Check out your fellow readers the Introductions Thread — and take a minute to introduce yourself.
A lot of you tell stories, or aspire to, so I thought this week was an excellent time to feature a storyteller who’s made some unconventional choices to keep growing in her career. Kristine Fonacier is a seasoned editor who has helped countless writers get their stories into shape, including mine.
I wasn’t planning to have two Filipino creators in a row but don’t worry, we’re making our way through the region. The editorial calendar is a fun game of Diversity Jenga that reflects us and where we are in the world.
Timi
INTERVIEW: Swapping rock-and-roll journalism for volunteer work to recalibrate a writing career
Journalist and editor Kristine Fonacier launched her writing career in the golden age of magazines, and freelancing as a music journalist quickly took off. Ten years in, she found herself questioning her work’s relevance.
“I was doing rock-and-roll journalism. After your hundredth party, you begin to wonder if you’re really contributing anything to society.”
This triggered a career recalibration that included 18 months of volunteer work in Guyana, an experience that informed her decisions when she came back to the publishing world and went on to build a body of work covering business, politics, culture, and travel.
As editor-in-chief of Esquire Philippines (the first female editor in the title’s 80-year history), Kristine led an editorial shift that placed fully-clothed middle-aged women on the cover and called out misogyny in its pages. She helped the country’s youngest billionaire write his first book. Then out of a desire to tell travel stories about the Philippines that were not listicles about white-sand beaches, she co-founded Grid Magazine, an independent title still running today. She is currently editor-in-chief of travel title Smile Magazine.
In this interview, Kristine spells out the traits that helped her build a versatile writing career, how to turn a passion project into a sustainable business, and why she looks for attitude over talent when hiring writers.
Listen to Kristine tell her story in her own words 🎧
Here are some highlights:
1. Show up like a professional from day one
When she started out, Kristine set a personal rule: she said yes to every assignment. “I said to myself, just keep doing the work. Turn things in on time, turn in a lot of things on time, and be unassailable, go the extra mile, do the extra research.”
This part of the job was not about being a talented wordsmith (although she is). It was about developing curiosity. “You have to be interested in everybody's story. This speaks to the kind of person you are, not just to the kind of writer you are.”
It meant doing things as simple as showing up without knowing if there was a guaranteed story. “Sometimes it's going to be interviews with people you don't want to do right now. But you really never know where that's going to lead.

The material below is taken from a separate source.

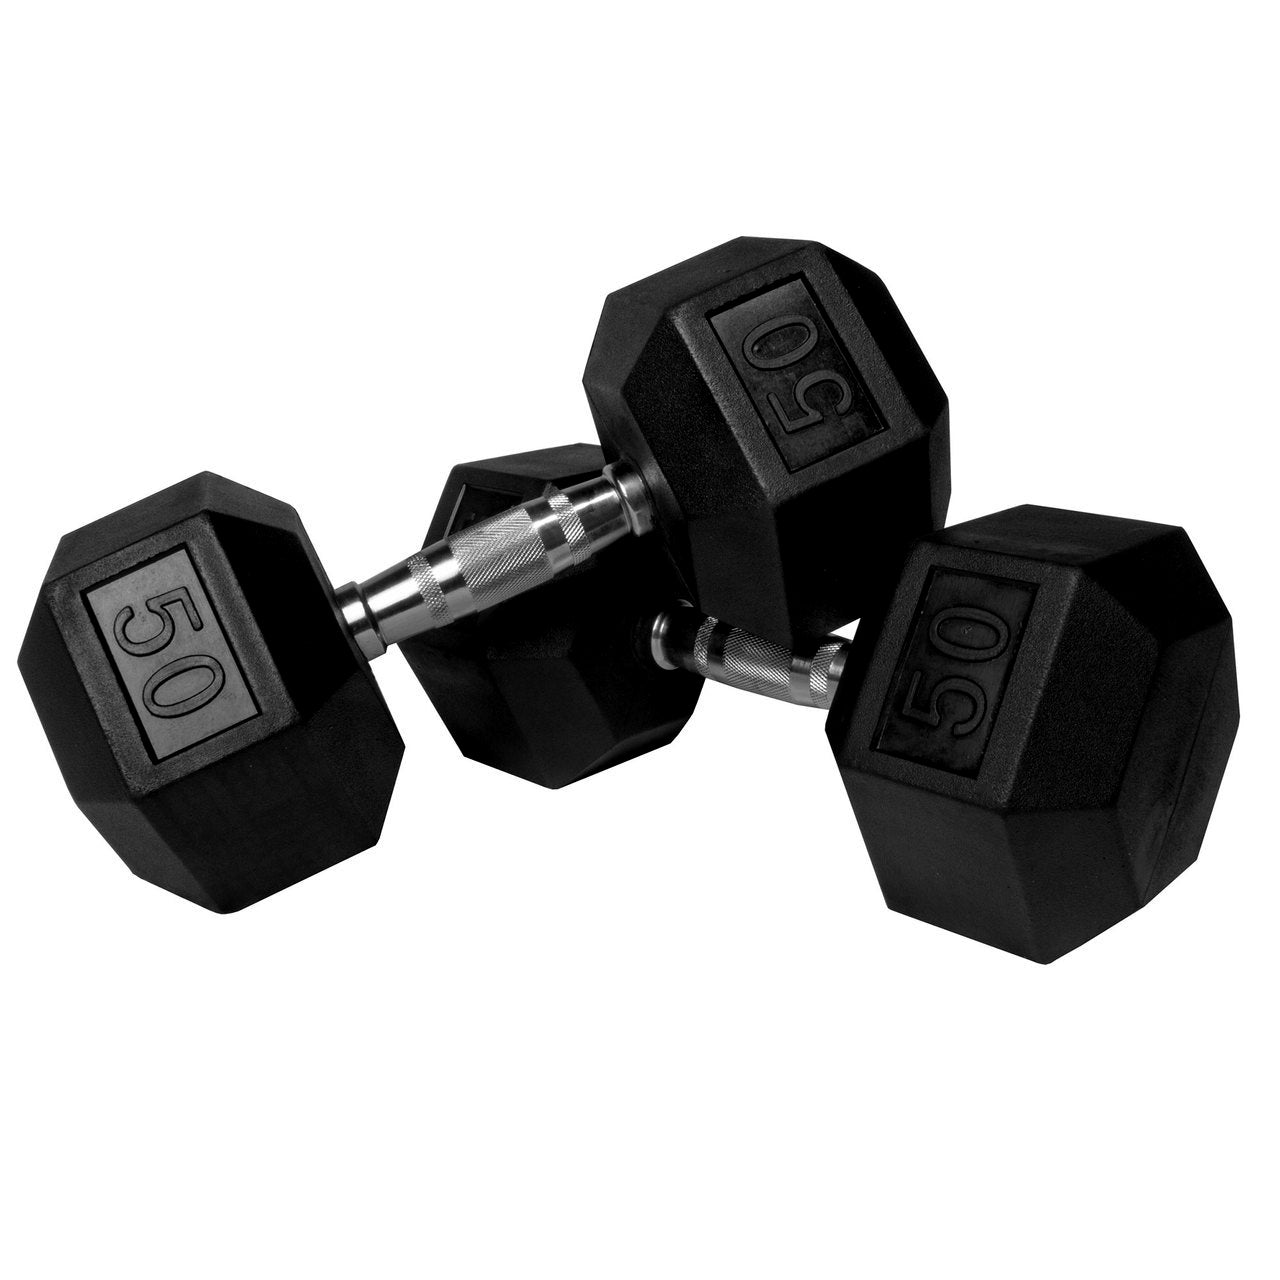 Prosportsae Rubber Hex Dumbbells 5 to 50 Pounds - Sold In Pairs (2 Pcs)

Some of the best stories I’ve ever had come from connections made years before.”
Showing up also helps cultivate access, an edge that has allowed Kristine to find original stories, whether it’s an inside look at the over-the-top lifestyle of a provincial governor or clocking new freediving records with the Sama fisherfolk, an indigenous community in the southern Philippines wary of outsiders.
The freediver story, Water Breathers, was three to four years in the making. “I first went to an island to write about a specific resort, made friends with some resort owners, the resort owners invited me to take freediving lessons with this guy, this guy called me up two years later to say, ‘Hey, I'm doing this cool thing, do you want to come?’ And I did. I showed up, there was no story there yet. I showed up and that story got written maybe one, two years later.”
2. Proactively confront your career crossroads
After a ten-year run covering music and lifestyle for every title imaginable, Kristine took a step back to ask herself if she was doing what she set out to do. She describes this period as a crisis of faith. “I think all professionals, at one point, if their work matters, they step back and think, am I doing what I set out to do? I wanted to know if communications work was contributing to the betterment of society.”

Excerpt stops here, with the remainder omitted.